Ксенофонт сзади выхватил ее у него из руки и отбросил в сторону.
– Ты пугаешь существо, которое сильнее тебя. Неужто хочешь, чтобы оно прямо здесь, у мостков, сломало ногу?
Матрос был так разъярен, что подумывал ударить этого молодого выскочку. Намерение промелькнуло в его глазах, но в следующую секунду порыв унялся. Матрос не знал, кто перед ним, но ведал, что за оскорбление вышестоящих полагается суровое наказание. Воспользовавшись замешательством, Ксенофонт вынул из его рук поводья.

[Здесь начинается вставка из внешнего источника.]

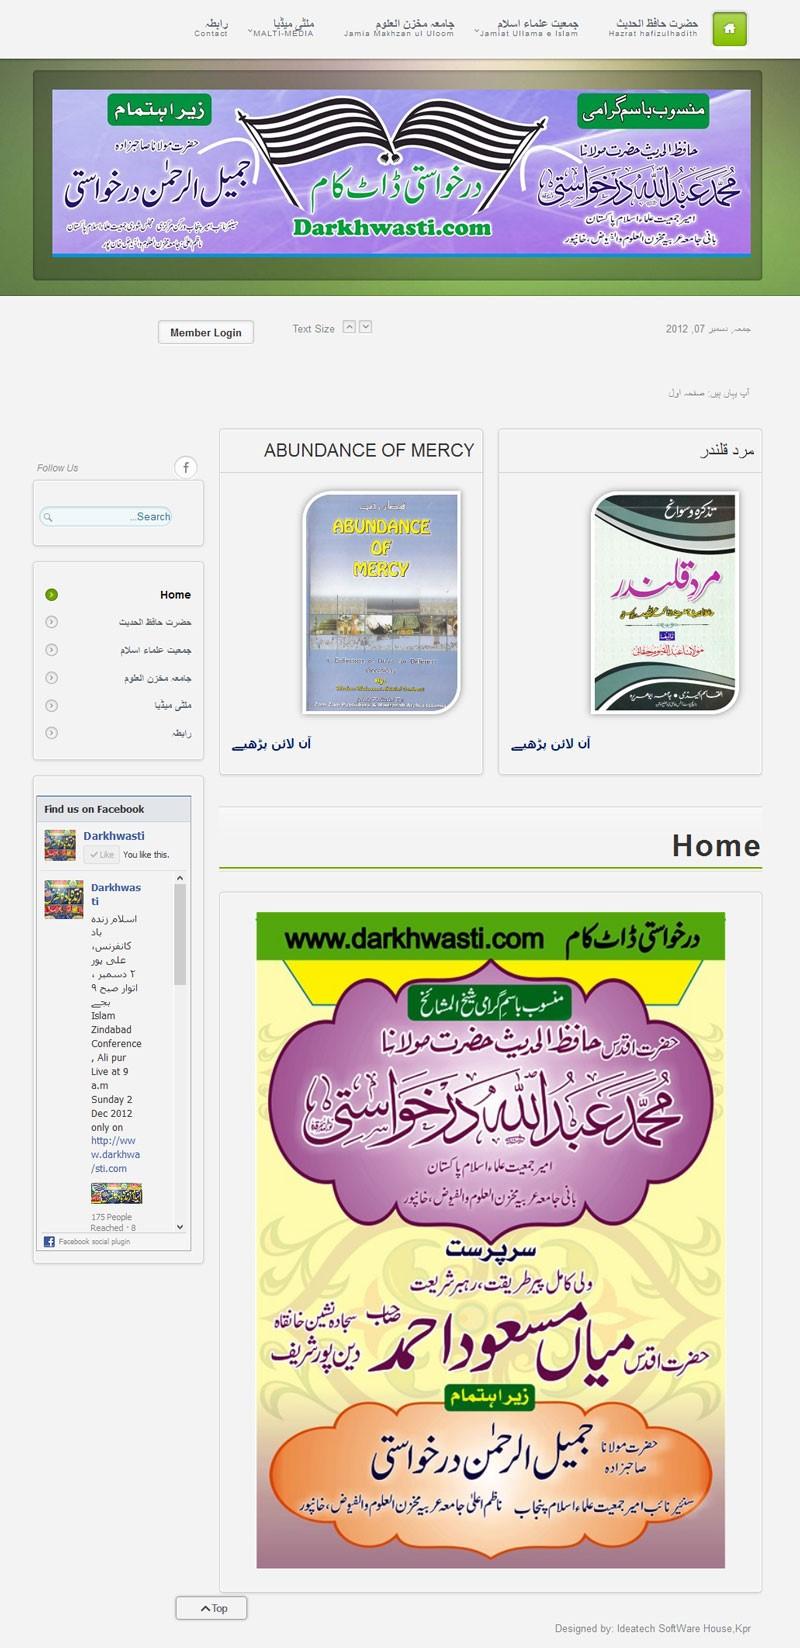 darkhwasti.com

– Давай-ка лучше его успокоим, – предложил Ксенофонт, стараясь звучать мирно скорее ради лошади, чем для матроса. Тот буркнул какую-то грубость, которую он пропустил мимо ушей. На самом деле матрос был даже рад передохнуть от своих потуг, хотя и остался стоять рядом, со злорадной ухмылкой, скрестив руки на груди. Судя по всему, он изготовился злословить насчет действий этого доброхота, как, видимо, злословили о нем самом. Разница была в том, что оценки матроса Ксенофонта не занимали.
Смену человека при узде лошадь наблюдала выпученными глазами. Ксенофонт не раз задавался мыслью, есть ли у лошадей сметливость и как она развита. Похоже, в какой-то степени им были присущи и злопамятность, и даже лицедейство.
– Ну-ка, ну-ка. Дай я на тебя полюбуюсь, – ласково произнес он. – Какой красавец.
Поводья он держал крепко, но не тянул и уж тем более не мерялся силами с жеребцом, способным без труда уволочь человека за собой. Разговаривая, Ксенофонт повернулся, как бы собираясь уходить.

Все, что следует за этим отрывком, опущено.